About this task ▸
In the listing below, the lines starting at the line with "Ριχτάρι Πολυθρόνας (180×180)" and ending at the line with "Striped Bathrobe Cotton/Linen" are to be output verbatim. Images stay out of the copy.

Data ▸
= Beginning of Section =

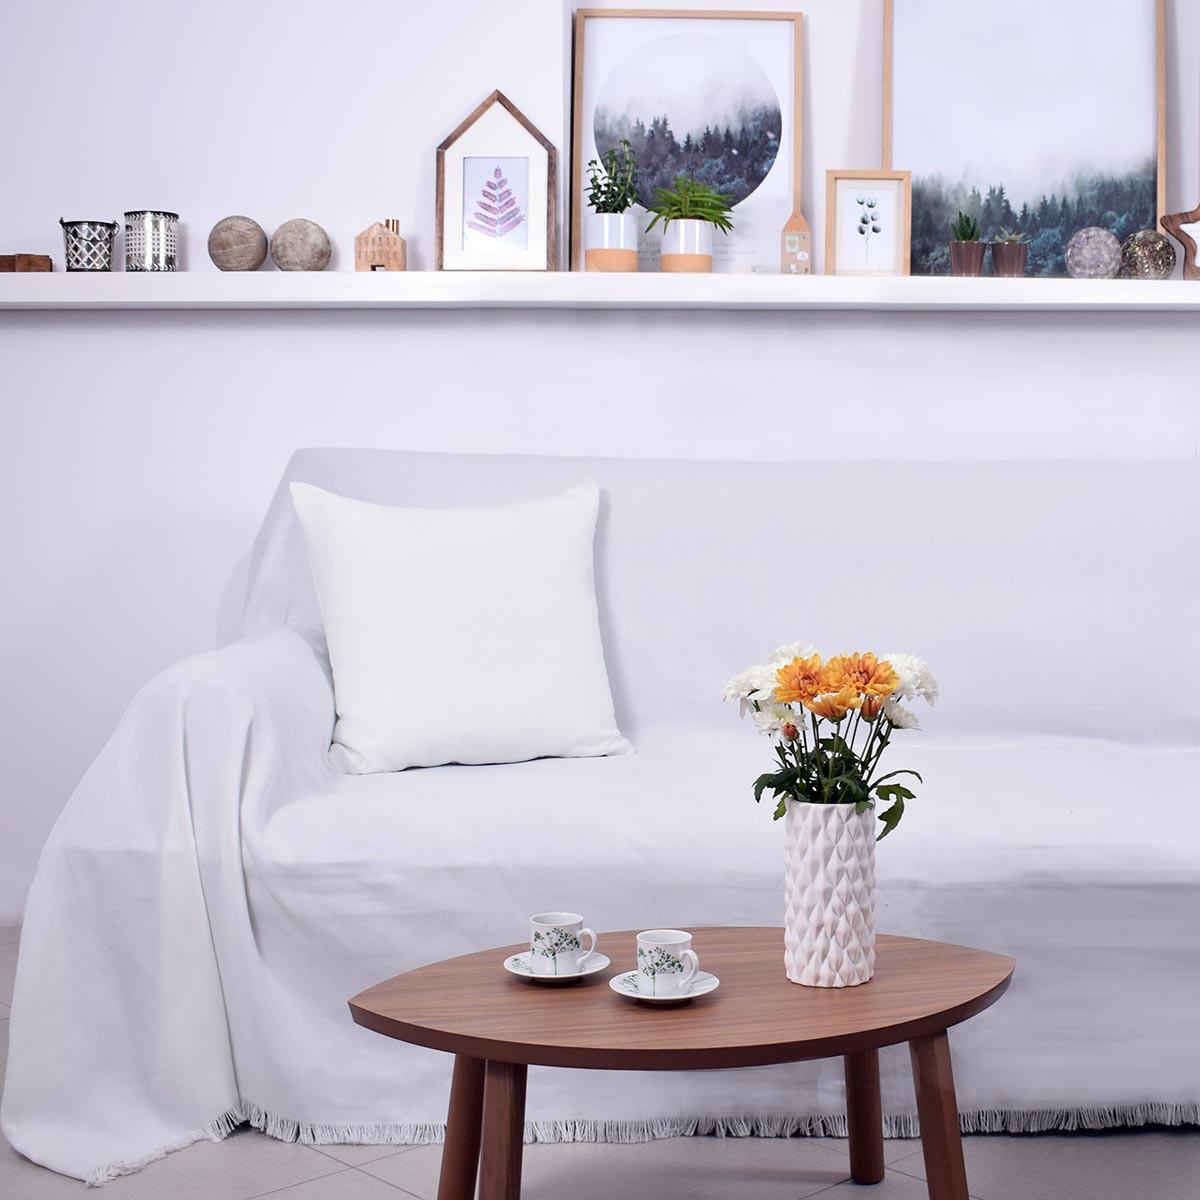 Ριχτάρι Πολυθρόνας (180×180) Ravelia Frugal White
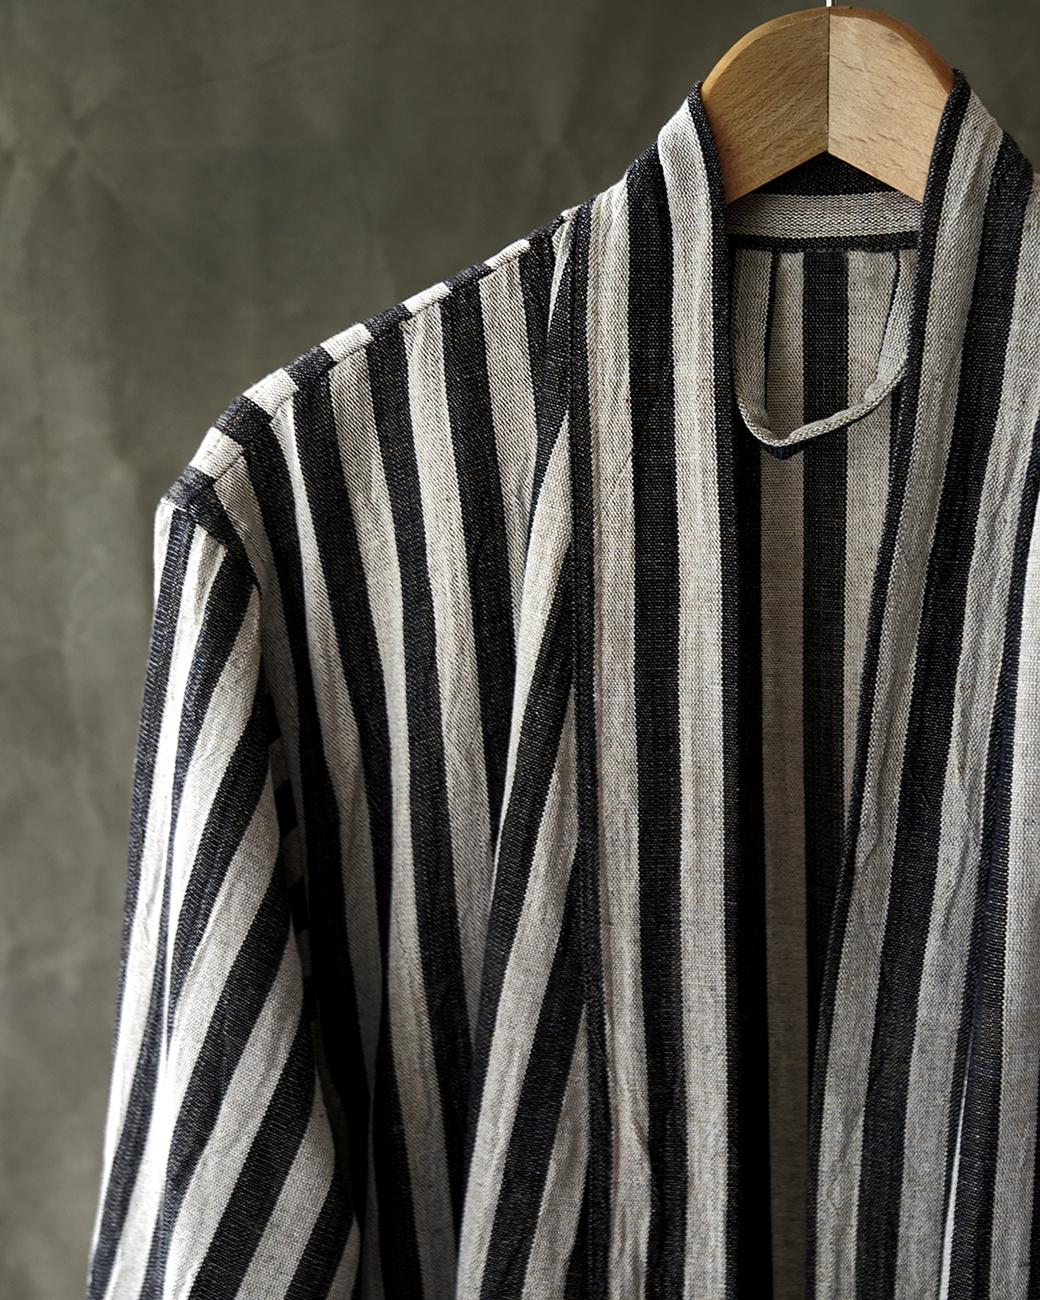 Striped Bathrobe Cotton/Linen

= End of Section =
= Beginning of Section =

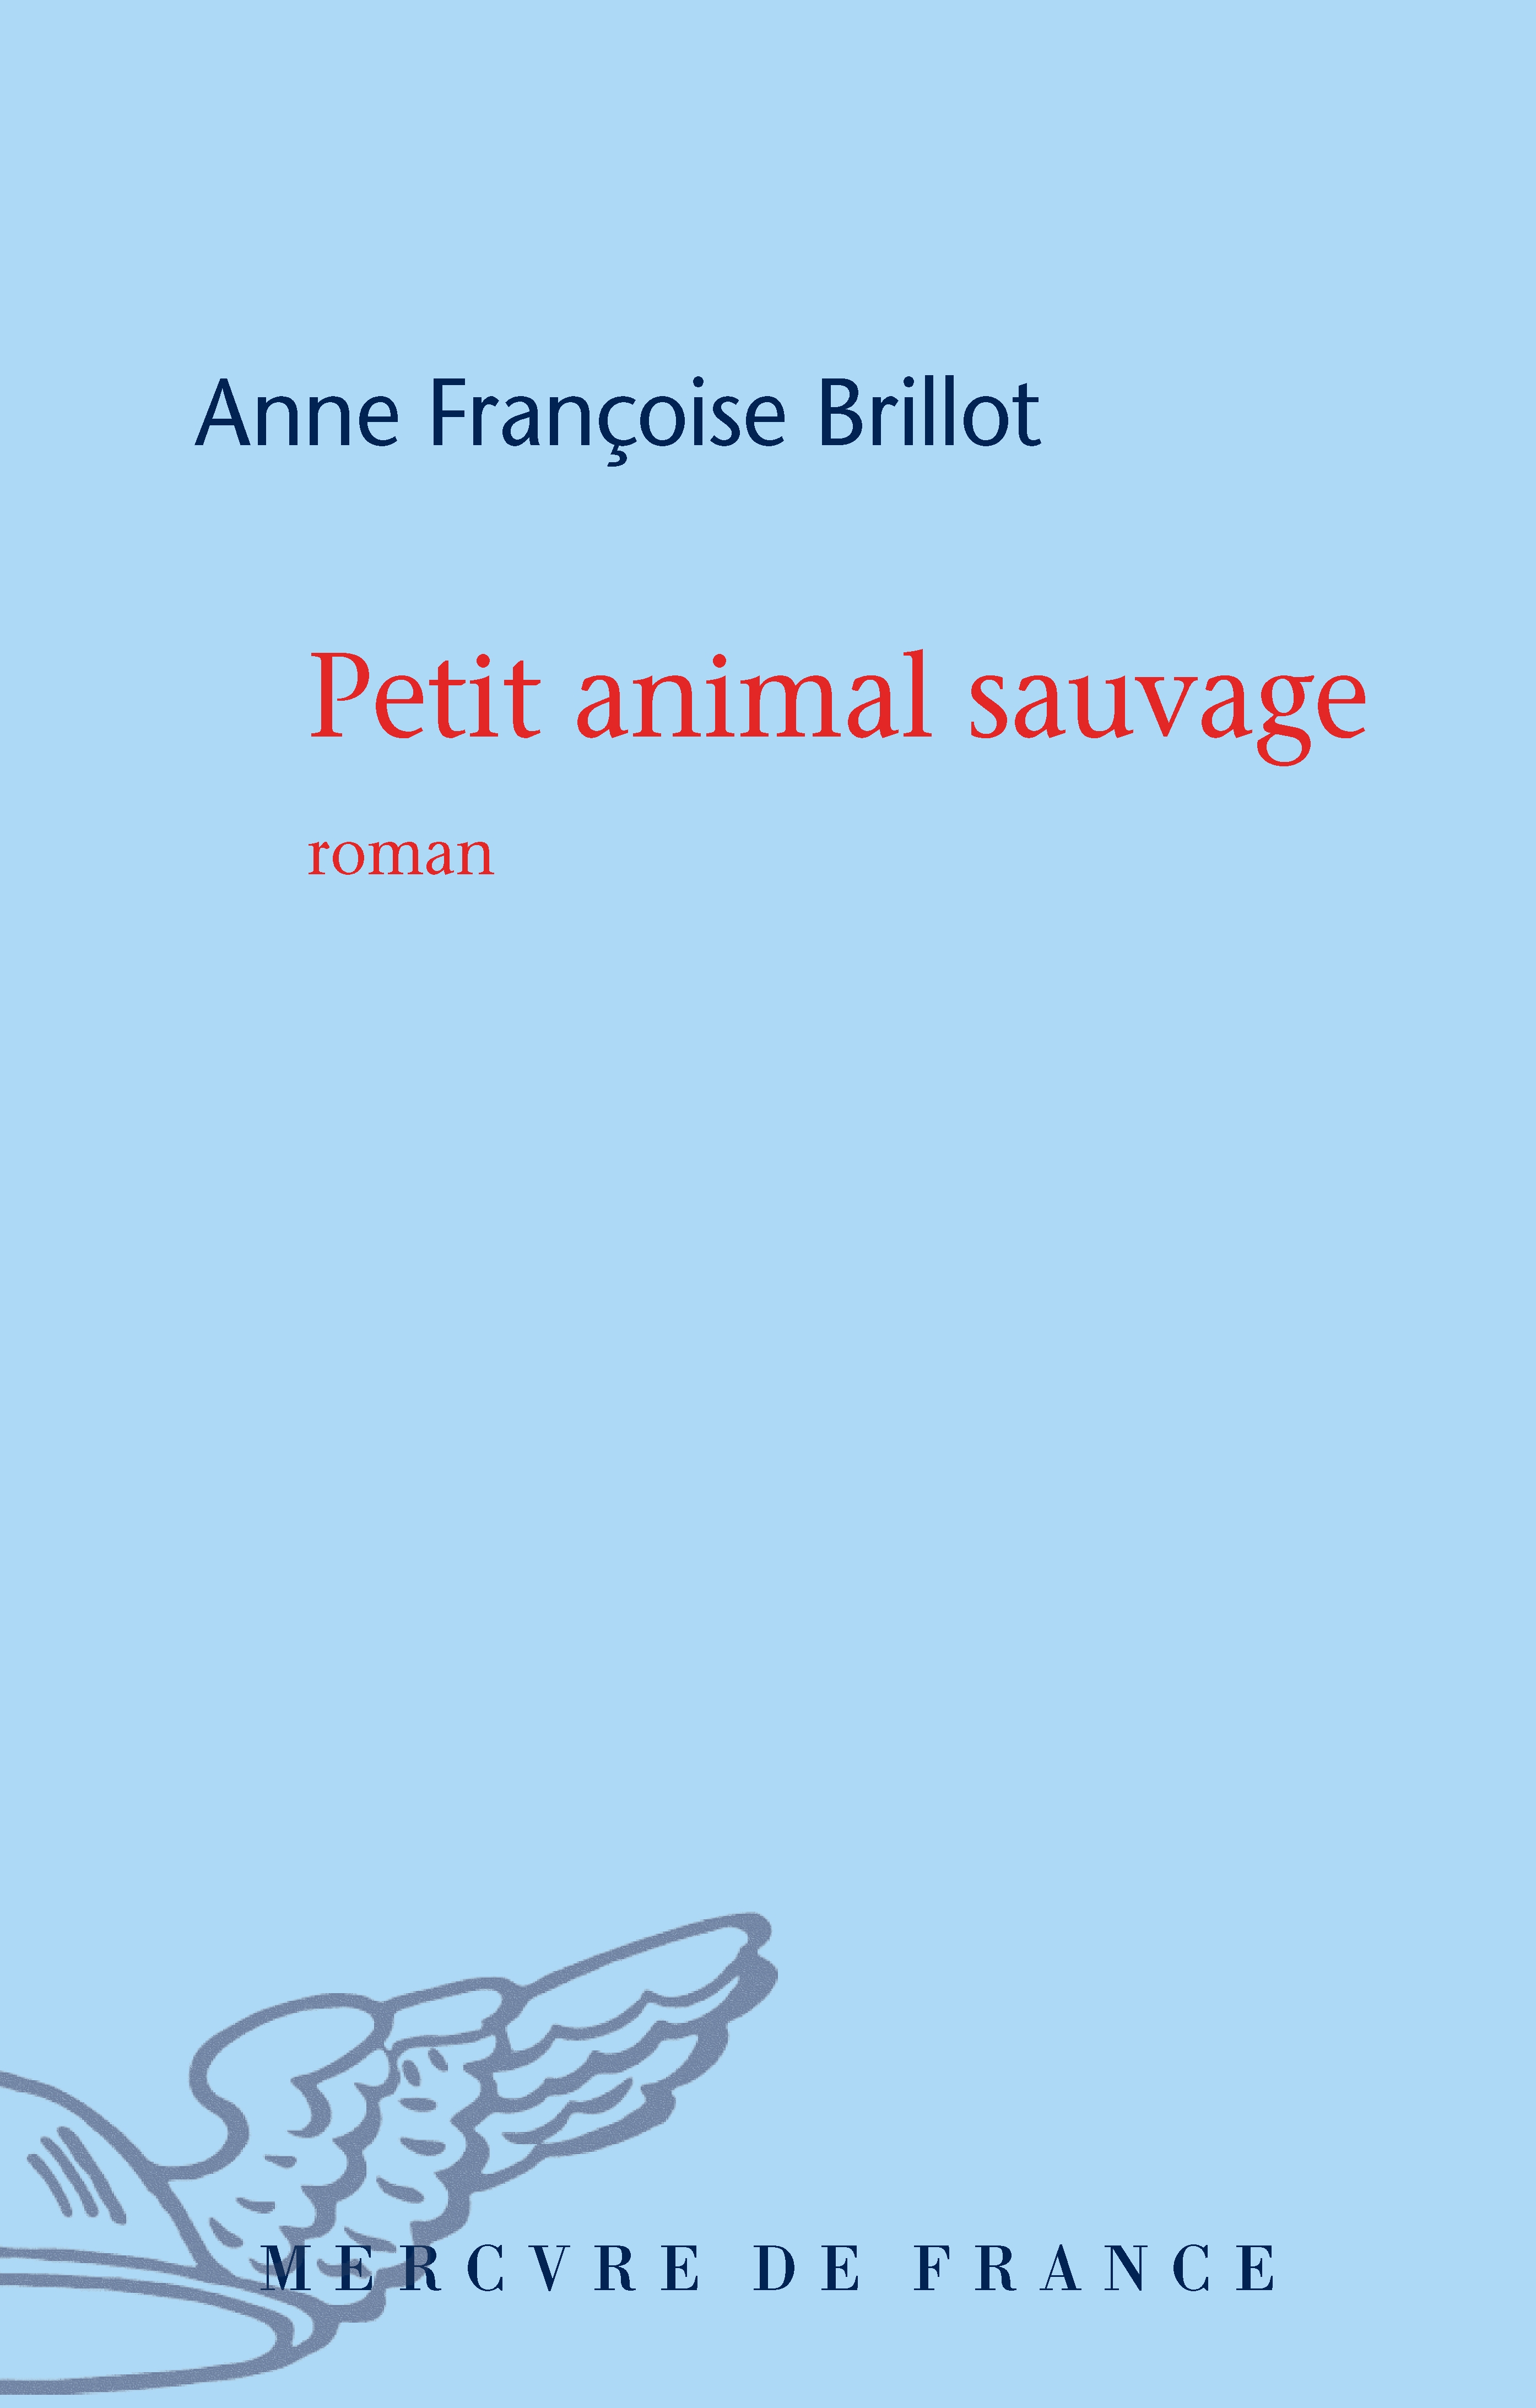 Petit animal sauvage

= End of Section =

Solution below ▸
 Ριχτάρι Πολυθρόνας (180×180) Ravelia Frugal White
 Striped Bathrobe Cotton/Linen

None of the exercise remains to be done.